К-ского цадика Арье выбрал потому только, что верил в рукопожатие его отца и был ему благодарен. Кроме того, ясное дело, мастер он был неплохой – похуже отца, но на безрыбье и рак рыба; и он сойдет. Да к тому же одна борода К-ского цадика чего стоит! Ни у одного цадика в округе нет такой солидной бороды. Одной бороды довольно, чтобы считать его лучшим цадиком… Да и правду сказать: Арье не скупился платить цадику за ходатайство перед небом. Знал и ребе, с кем имеет дело, за каждую услугу назначал плату по усмотрению. Когда приходилось туго, цадик слал своих ездивших по местечкам казначеев к Арье и брал аванс в счет будущего. Арье делал вид, что гордится их что-то уж слишком частыми посещениями, но втайне досадовал и злился. «Пиявки!» – сердито шипел он сквозь зубы, завидев такого посланца, направляющегося к нему за очередным авансом. В то же время он старался раструбить об этом как можно шире: пусть знают евреи, что цадик ко мне посылает, что я ему нужен. Посланца вводили в дом с шумом и треском, так что вся улица знала: ребе послал к Арье. Арье вздыхал и давал, а цадик посредничал и брал. Да и что было Арье делать? Ребе платить за работу надо, ведь грошовому врачу и цена грош. И то хорошо, что ребе заодно избавляет его и от всяких обязанностей по отношению к небу, например пожертвований «пиявкам» – так у Арье назывались вообще все, кто просил милостыню. Хватит с него и того, что он дает ребе – одно это чего ему стоит! «В конце концов ребе тоже человек, и чем он будет жить, если мы ему не пособим!»

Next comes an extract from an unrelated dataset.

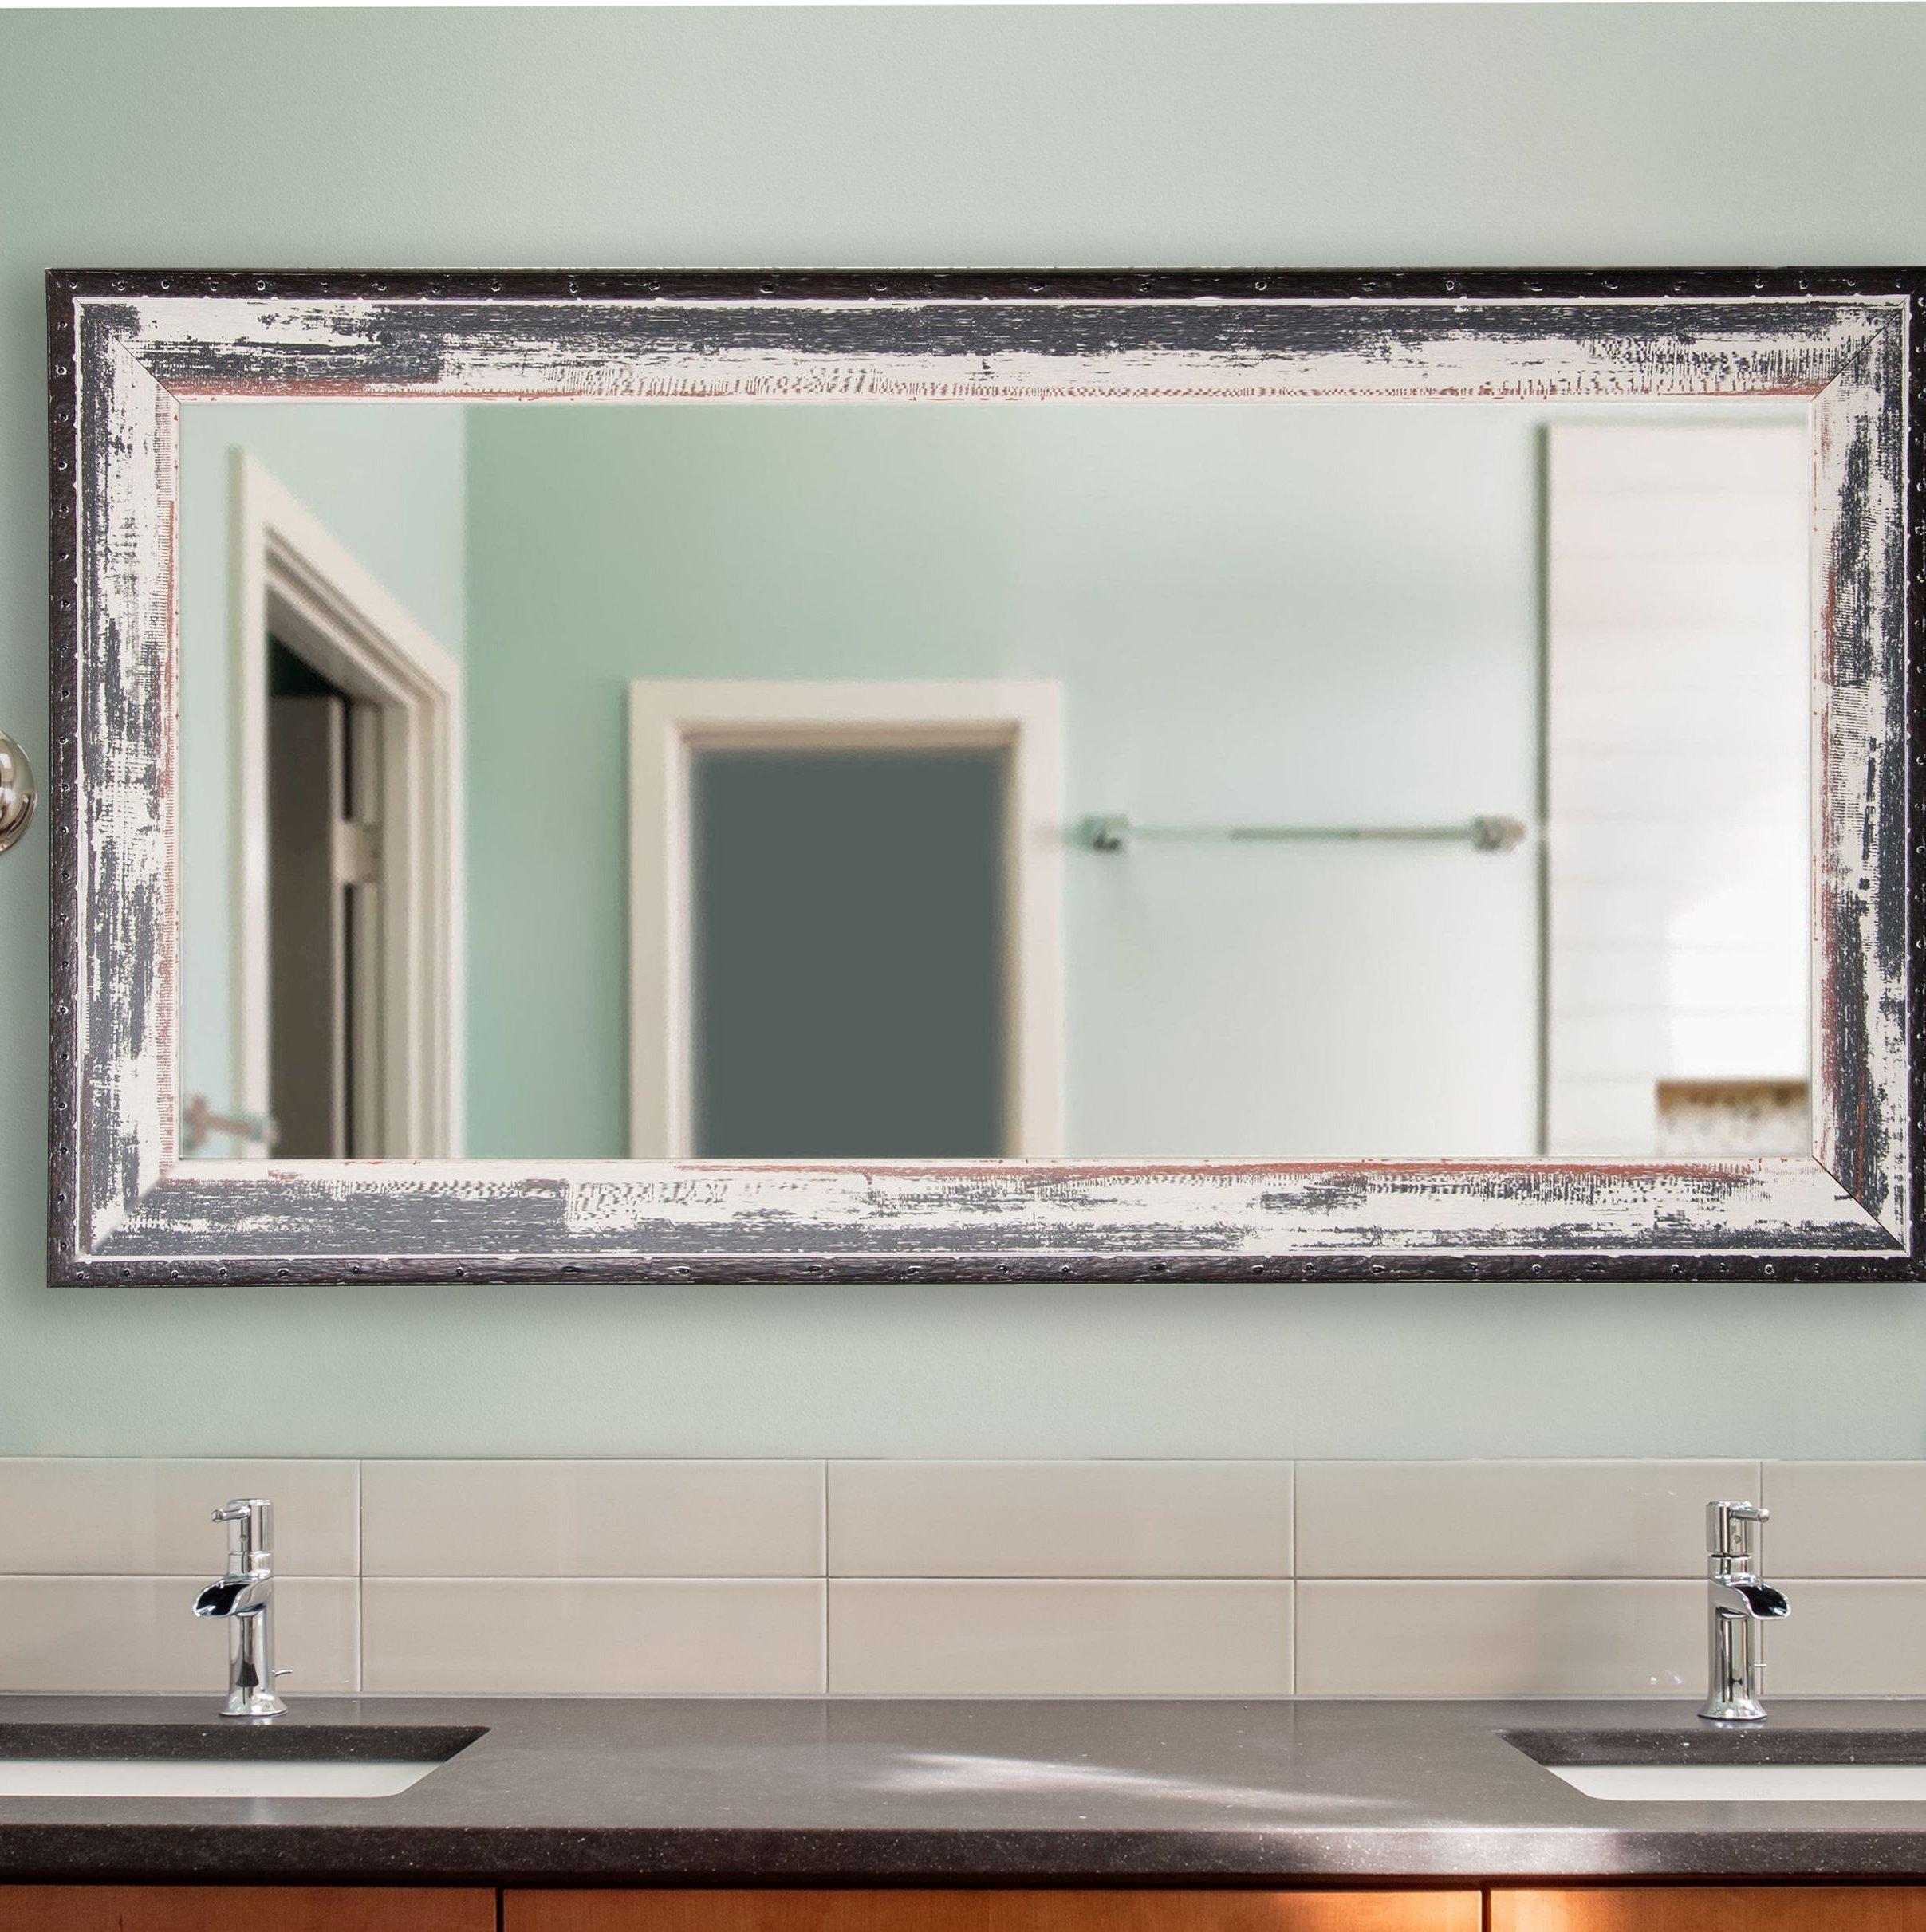 Junipero Modern & Contemporary Bathroom/vanity Mirror Within Landover Rustic Distressed Bathroom/vanity Mirrors (Image 10 of 20)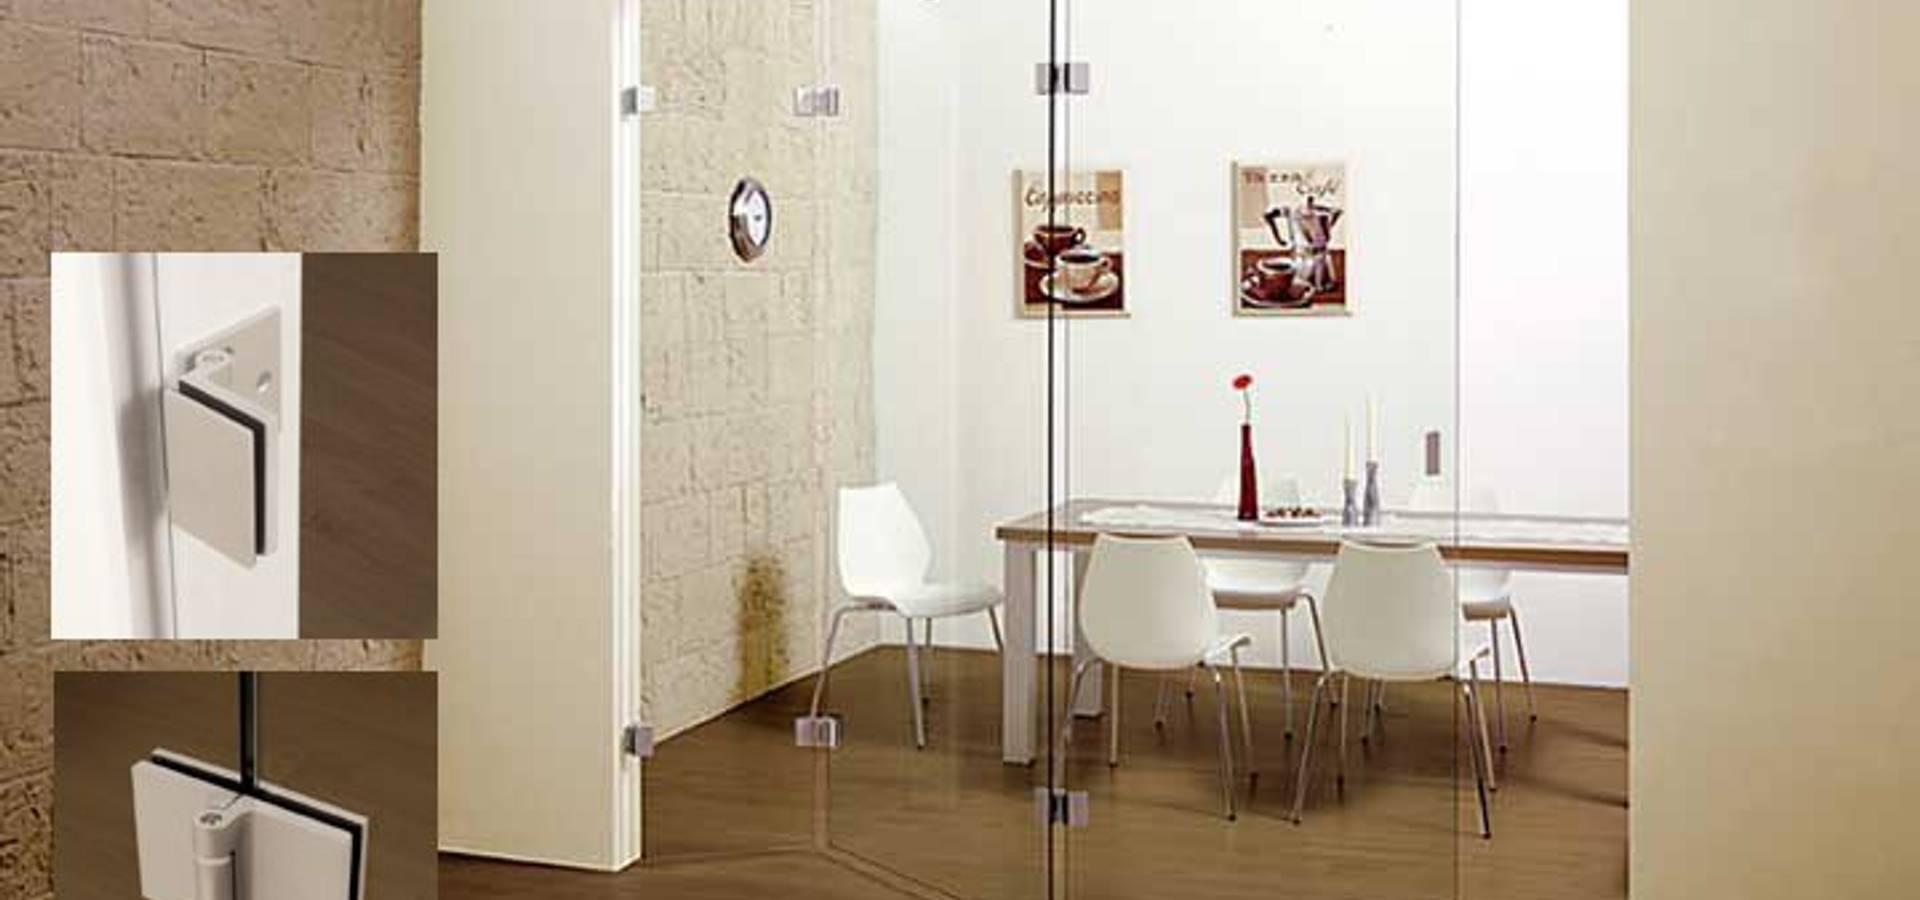 AB Glas & Design

Этим доводом Арье щеголял перед другими, но все знали, что Арье – хам, что в нем нет ничего еврейского, что он за копейку удавится, что он только о кошельке и думает и вовсе не заботится, чем и как живут другие. Нищие, побирающиеся по домам в канун нового месяца, сборщики пожертвований, кантор и шамес из синагоги от него уходили ругаясь. А если какой-нибудь отпрыск набожного и ученого мужа по ошибке переступал его порог, то хвалил Господа, что ноги унес подобру-поздорову. Целый день у него звон стоял в ушах и всякий раз он менялся в лице, вспоминая, как выпроваживал его Арье:
– Ага, реб Цодек. Марш, марш! Нет у меня денег! Нет! Не туда попал. Проваливай, голубчик.
Когда нельзя было совсем ничего не дать, Арье отсылал «пиявок» к жене; та строго блюла годовщины смерти обоих родителей. Шамес должен был помнить об этих годовщинах и зажигать поминальные свечи, кантор читать «мишнайот», говорить «кадиш»[9]9
Краткое славословие Богу, которое сыновья обязаны читать в годовщину смерти родителей, а если нет сыновей – чтение «кадиша» заказывается кому-нибудь за плату.
[Закрыть] и совершать заупокойную молитву. За это они получали по пятаку на брата.
Само собой, Арье без процентов никому не одалживал. И не удивительно, что некоторые роптали на Бога и жаловались: «Не знает, видно, Бог, куда деньги складывать. Не нашел лучшего места!»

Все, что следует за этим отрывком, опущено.